Systematic transthoracic echocardiography in all cases of pulmonary embolism may demonstrate right heart thrombi. The results of this monocentric series of 28 consecutive cases observed between 1987 and 1996 were analysed. Twenty-four patients were in NYHA Class IV: thirteen were in cardiogenic shock. Echocardiographic signs of acute cor pulmonale were usually observed: 96.3% of patients had right ventricular dilatation, 85.2% paradoxical interventricular septal motion, 88.9% pulmonary hypertension. The thrombus was typical serpentine (27/28 cases) arising from the lower limb veins. Passage into the left heart chambers through a patent foramen ovale was observed in 3 cases. Pulmonary embolism was confirmed in all cases. This is an extreme therapeutic emergency and 13 patients (46.4%) died despite treatment: surgery (7/16), thrombolysis (2/5), heparin (3/4) or interventional radiology (1/3). After the acute phase, the prognosis was generally good, as demonstrated by the 100% survival rate at 28.6 +/- 25 months.
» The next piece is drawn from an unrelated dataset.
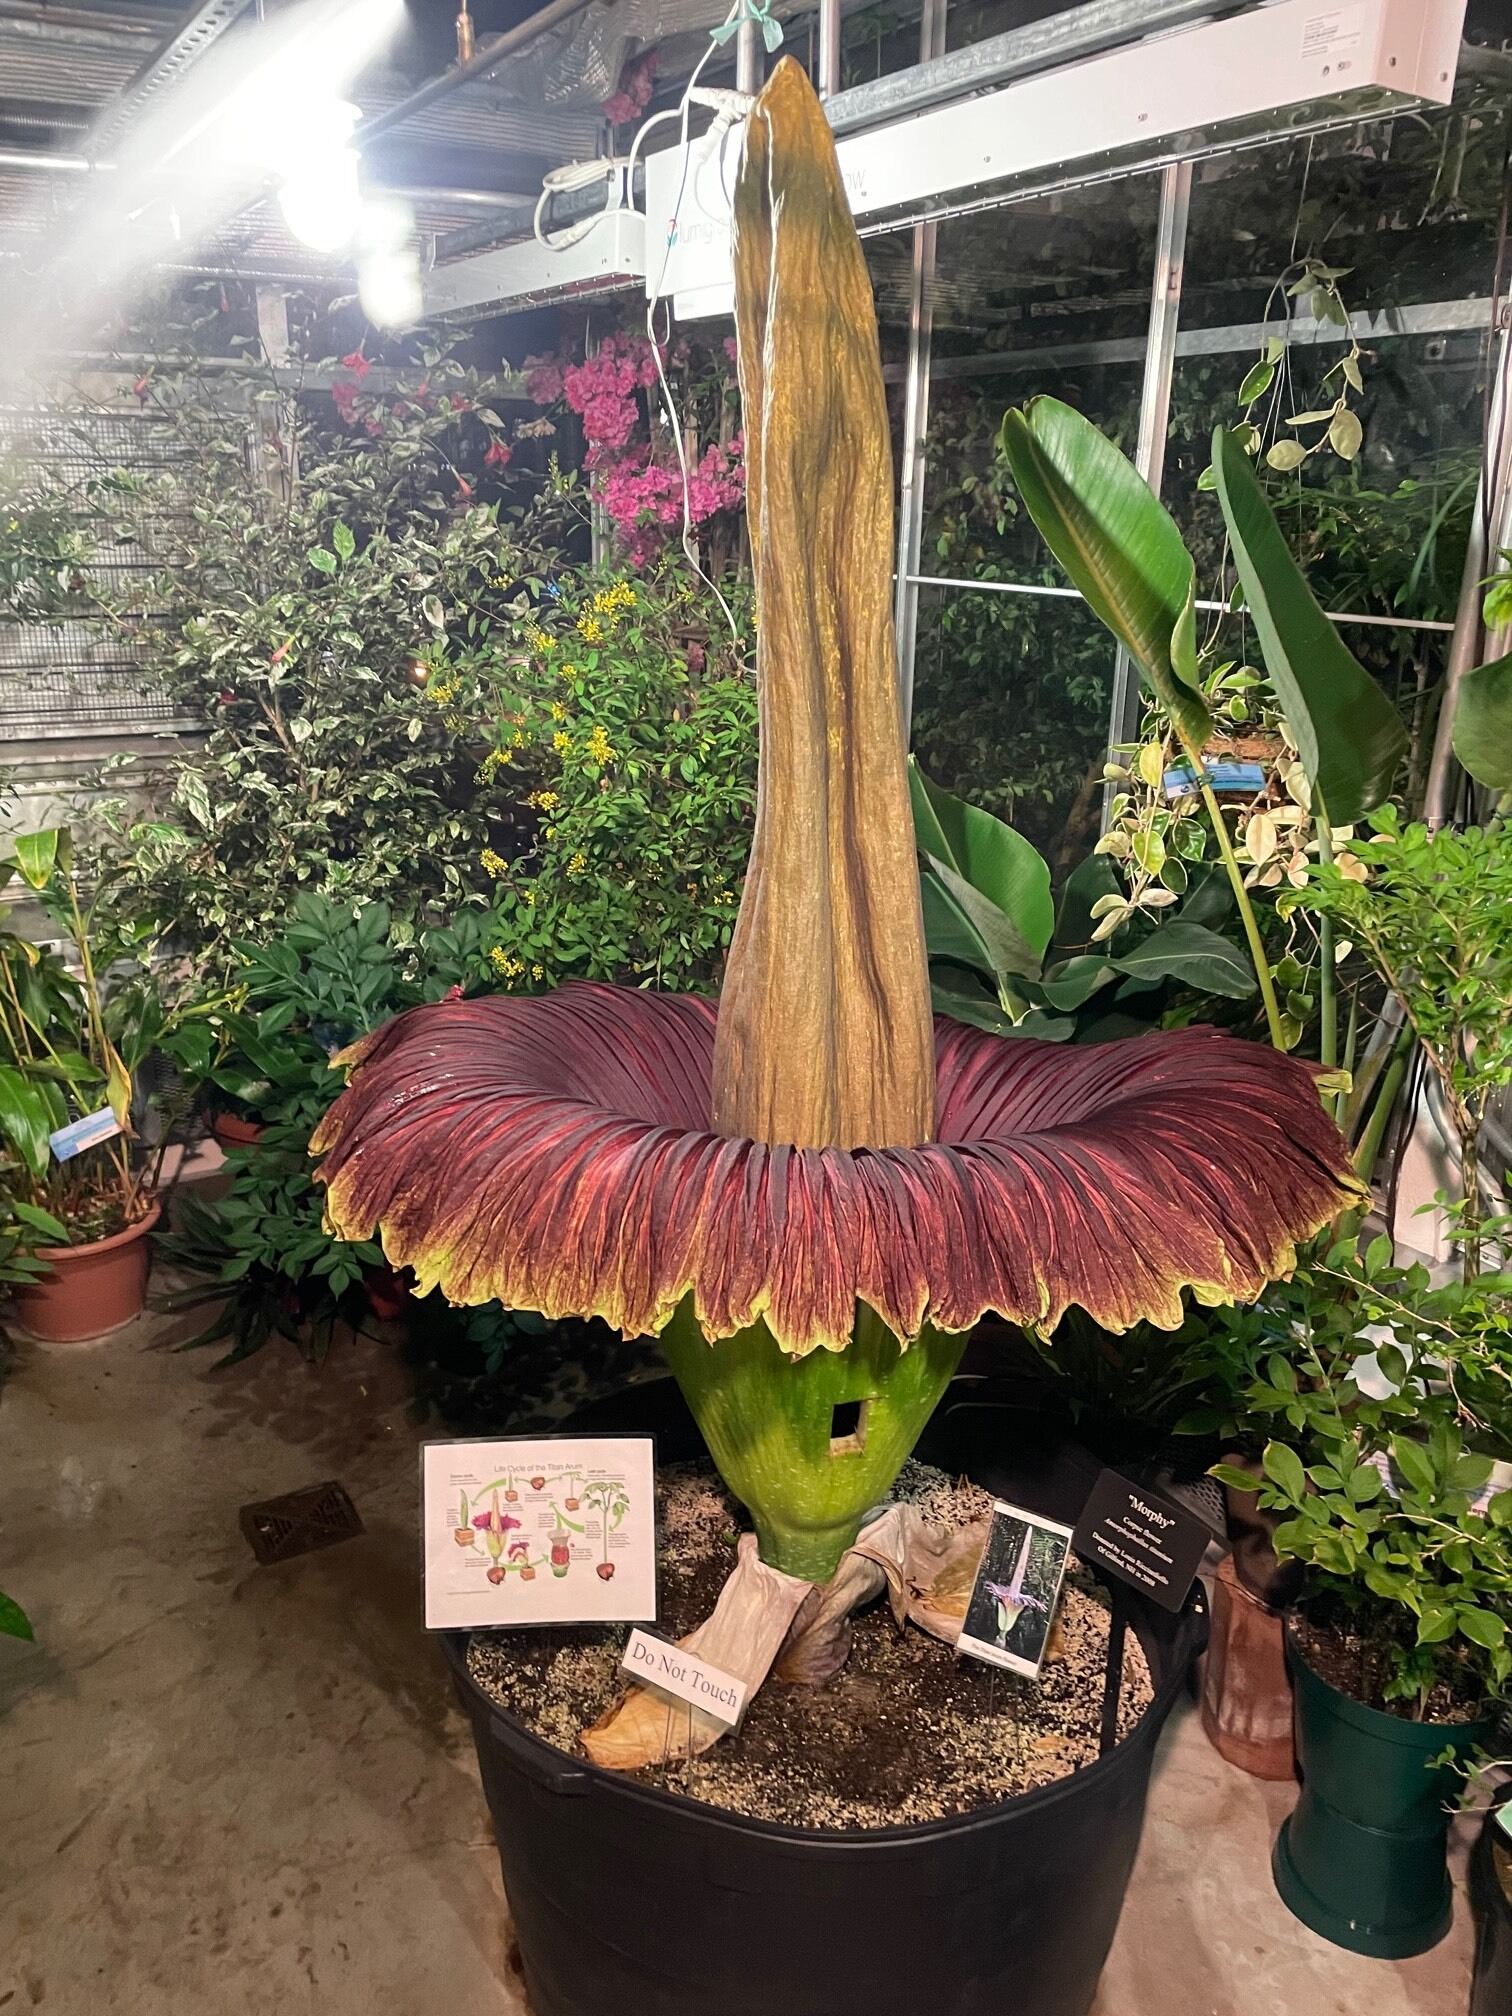 morphy" - the corpse flower

This study confirms the gravity of mobile right heart thrombi in pulmonary embolism. The diagnosis is echocardiographic. No significant difference in mortality was observed between the different therapeutic approaches used in this series. The echocardiographic finding of these thrombi is a traditional indication for emergency surgical embolectomy. Thrombolysis is rapid and readily available and seems to provide promising results alone or before surgery. In patients with contraindications to thrombolysis, interventional radiology or simple heparin therapy may be proposed.

摘要

对所有肺栓塞病例进行系统性经胸超声心动图检查可能会发现右心血栓。分析了1987年至1996年间观察到的这一由28例连续病例组成的单中心系列研究结果。24例患者为纽约心脏协会(NYHA)心功能IV级:13例处于心源性休克状态。通常可观察到急性肺源性心脏病的超声心动图征象:96.3%的患者有右心室扩张,85.2%有室间隔矛盾运动,88.9%有肺动脉高压。血栓典型呈蛇形(27/28例),起源于下肢静脉。3例观察到血栓通过卵圆孔未闭进入左心腔。所有病例均确诊为肺栓塞。这是一种极其紧急的治疗情况,13例患者(46.4%)尽管接受了治疗仍死亡:手术治疗(7/16)、溶栓治疗(2/5)、肝素治疗(3/4)或介入放射学治疗(1/3)。急性期过后,预后总体良好,28.6±25个月时生存率为100%即证明了这一点。本研究证实了肺栓塞中可移动的右心血栓的严重性。诊断依靠超声心动图。本系列研究中使用的不同治疗方法之间未观察到死亡率有显著差异。这些血栓的超声心动图表现是紧急外科血栓切除术的传统指征。溶栓治疗迅速且容易实施,单独使用或在手术前使用似乎都能提供有前景的结果。对于有溶栓治疗禁忌证的患者,可考虑介入放射学治疗或单纯肝素治疗。